I considered asking the neighbors about the occupants of the trailer but then I decided that the fewer people who saw me the better. After all, there had already been three murders in Santa Maria and the only suspect was a black man.
I GOT HOME in the late afternoon and played with my children. Bonnie watched me from the back door. I think she was worried but she didn’t say anything.
That night I dreamed about fishing in the ocean with Domaque and Raymond. We were in Jesus’s boat far out on the ocean. Mouse was catching one fish after the other, reeling them in to Domaque’s squeals of delight. I had my line in the water with bait on the hook but no fish nibbled or bit.
“Don’t worry, Easy,” Mouse said to me. “As long as you got friends you can eat.”
Those words soothed me and I clambered down into the bottom of the boat and slept on a rocking sea of deep silence.
“GOOD MORNING, MR. RAWLINS,” Ada Masters greeted. It was the next day and we were in the main hall of Sojourner Truth junior high school.
It was 5:30 A.M.
“Good morning to you too but you know you shouldn’t come to the school so early, Mrs. Masters,” I said. “It’s not safe for a woman alone.”
I was one of the few people who could tell it like it was to our new principal. She liked me. I liked her too.
“I’m not worried, Mr. Rawlins. And this is my school. I like to walk around and see what it looks like before children come in. How are you?”

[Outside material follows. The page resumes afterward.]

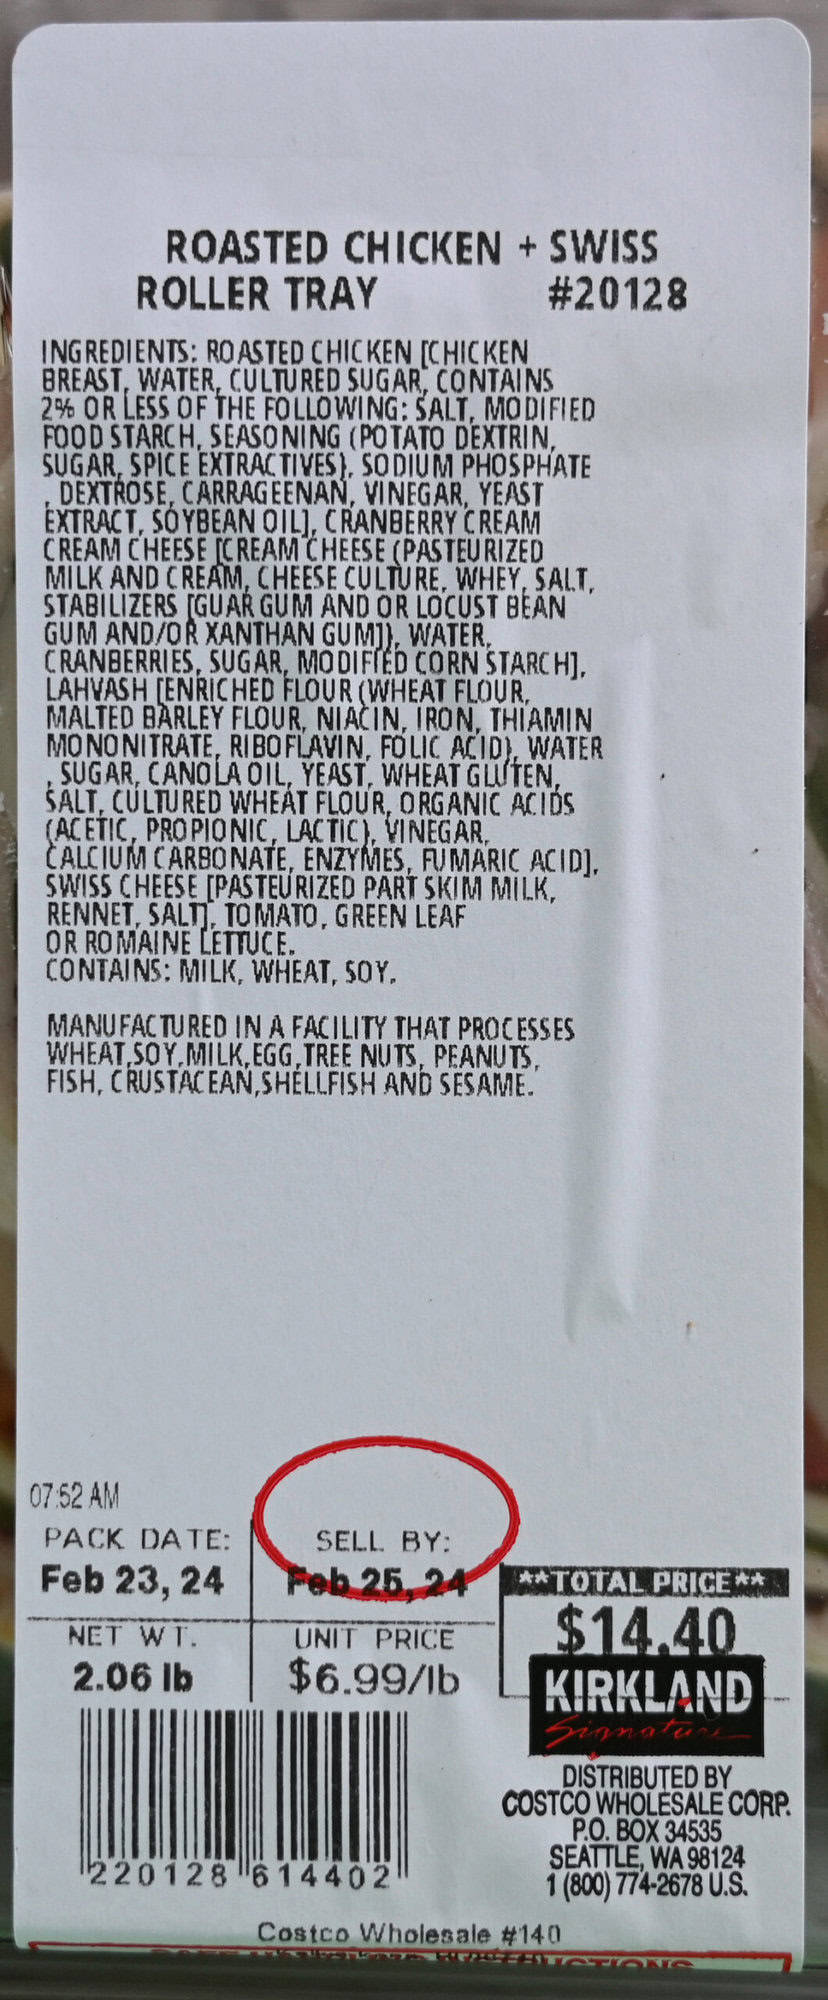 Image of the label from the packaging on the rollers showing ingredients, best before date, and cost.

Somehow Mrs. Masters knew that I had been in a funk. Her pale blue eyes saw past my façades. The suit she was wearing cost more than most other women’s wardrobes but you had to know something about clothes to tell that. We were perfect partners for the maintenance and care of the body and spirit of Truth.

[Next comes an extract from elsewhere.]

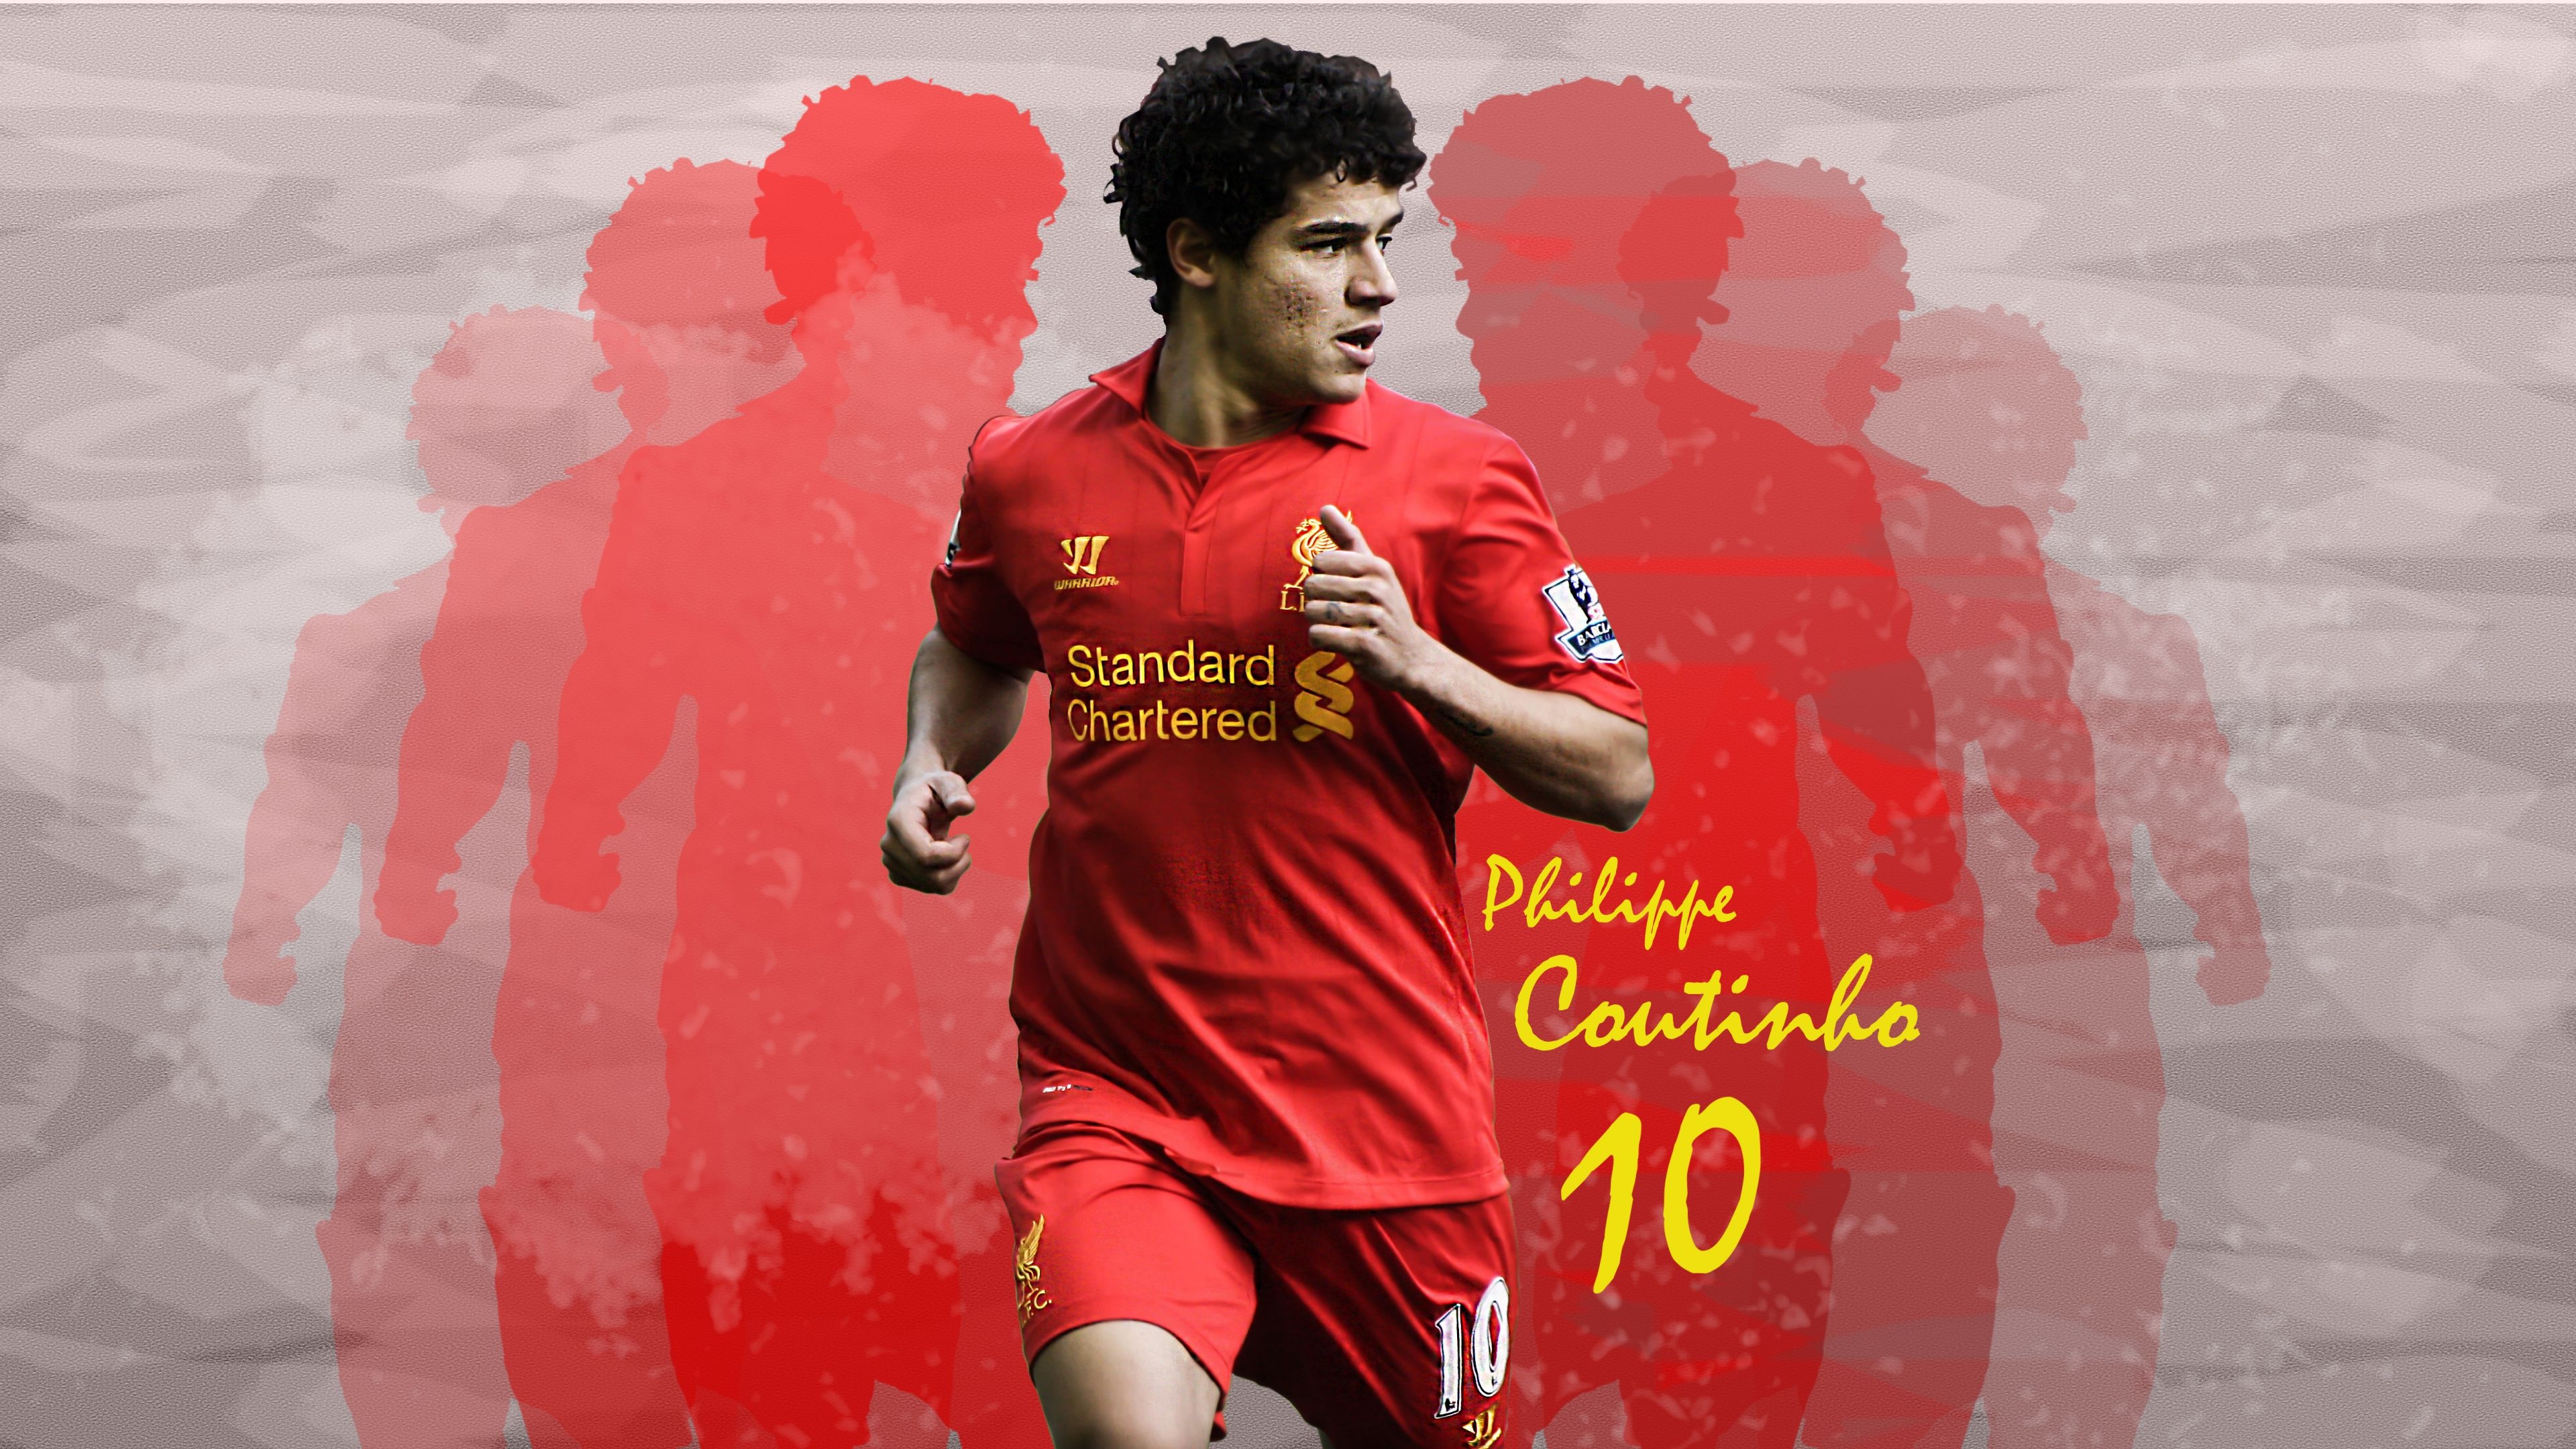 Liverpool Football Club: Philippe Coutinho, Made his debut on 11 February 2013, replacing Stewart Downing. 3840x2160 4K Wallpaper.

“Doin’ pretty good,” I said. “Pretty good. If I don’t fall off, the horse I’m on might make me a winner.”
AFTER THE CUSTODIANS had left the maintenance office for their daily rounds, I pulled out the telephone and phone book. I made calls from eight o’clock until almost eleven. It was the thirty-second call that paid off.
“Why yes, Mr. Auburn,” Herschel Godfried said. “There was an eight-chambered thirty-eight caliber pistol and it did have a bulblike handle. It was a Lux-Tiger design from about 1895, an English design. The only one I know of in southern California is owned by Grant West in Pomona.”
Mr. West had sold the pistol in question to Harold Stout, a businessman who lived in Beverly Hills.
I left work at 1:45 and made it to Stout’s address by nine to two.
It was a large house on Doheny, only about two-and-a-half miles from my home.
He might have lived within walking distance from me but Stout was rich. I could tell by the pink marble that made up his walls and the manicured lawn surrounded by dozens of different varieties of rosebushes. I could tell by the imported stained-glass windows and the ugly Rolls-Royce parked in the driveway. The front door was heavy oak, at least ten feet high and five wide.
The small woman who answered the door wore cotton pants the color of a rotten lemon and a pink-and-white polka-dot shirt. Her hair was strawlike in both color and texture. She looked like she belonged in a trailer park drinking lemonade laced with straight alcohol.
“Yes?” she asked.
“Jay Auburn looking for Harold Stout.” If she had heard me over the phone she would have thought it was a white man speaking.